- Reunião da aliança informal E3 (França, Alemanha e Reino Unido) contou com a presença de Volodymyr Zelensky e apoiou o pedido por cessar-fogo na Ucrânia.
- Russia respondeu na quinta-feira, com críticas à política da Europa e reiterando o objetivo de incentivar Kiev a continuar a guerra.
- Professor Leonardo Trevisan, da ESPM, afirma que a Europa tem pouca margem de atuação para apoiar a Ucrânia no momento.
- Trevisan aponta que a Europa já forneceu ajuda financeira, mas considera o apoio insuficiente diante da possibilidade de a Rússia avançar em territórios já ocupados.
- Segundo o professor, a única alternativa para Zelensky seria ceder territórios a Vladimir Putin, o que, na visão dele, poderia significar a perda de poder do presidente ucraniano.

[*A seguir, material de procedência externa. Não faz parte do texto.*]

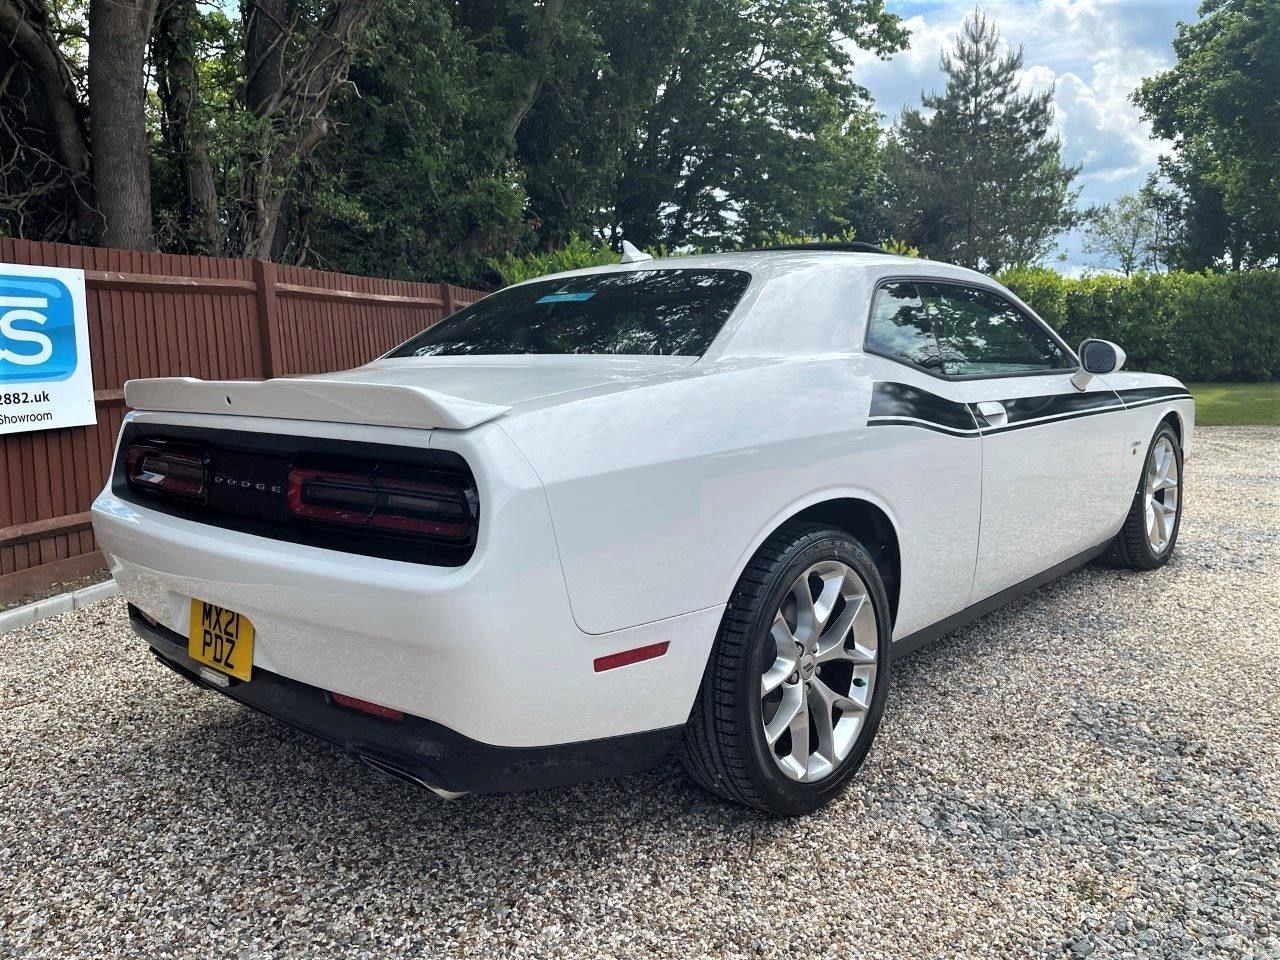 2021 Dodge Challenger Rt Plus V8 Hemi 8 Speed Automatic For Sale Ccfs
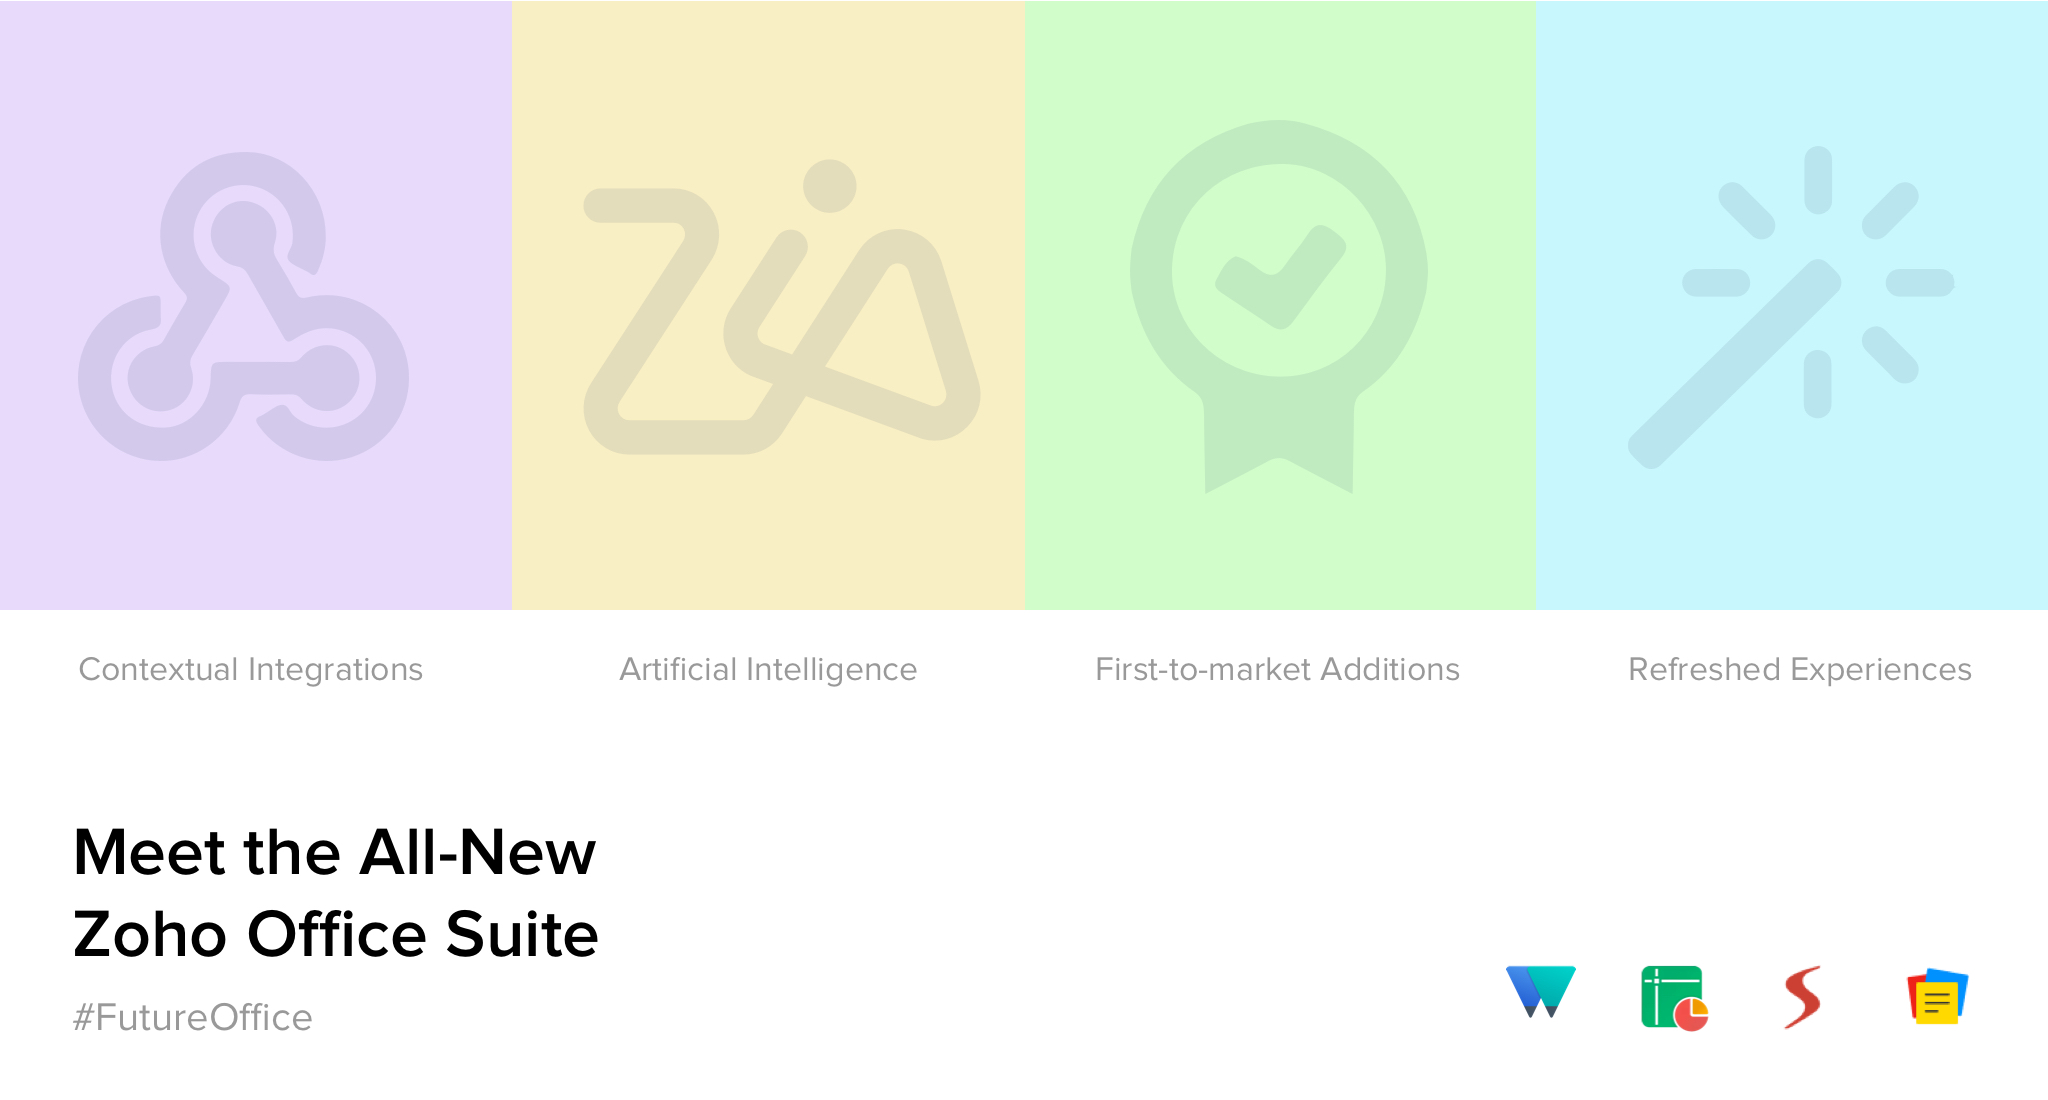 Setting the stage for the future of work—announcing the all-new Zoho Office Suite.

A semana começou com encontros sobre os próximos passos da guerra na Ucrânia. No domingo, a reunião da aliança informal E3, formada por França, Alemanha e Reino Unido, contou com a presença de Volodymyr Zelensky. Os líderes mostraram apoio ao pedido por um cessar-fogo, o que teve resposta da Rússia nos dias seguintes.
Mikhail Galuzin, vice-ministro das Relações Exteriores da Rússia, reuniu-se com os membros da E3 e afirmou que a política adotada pela aliança é destrutiva. O ministro Sergei Lavrov reforçou o objetivo de pressionar o regime de Kiev a manter a dianteira da guerra.
Análise de especialista
O professor de relações internacionais da ESPM, Leonardo Trevisan, aponta dificuldade de apoio efetivo por parte dos pares europeus. Segundo ele, há apoio simbólico, mas pouca margem prática para mudar o curso do conflito.
Trevisan afirma que a Europa já forneceu ajuda financeira, mas classifica o aporte como insuficiente diante da escalada. Alega que a alternativa para Zelensky seria aceitar cessões territoriais, o que, na visão dele, poderia custar o governo do presidente ucraniano.
A avaliação de Trevisan é de que, se Zelensky ceder territórios, pode perder poder político e continuity de liderança. Ele ressalta que a posição europeia está condicionada a fatores estratégicos e geopolíticos que limitam intervenções mais profundas.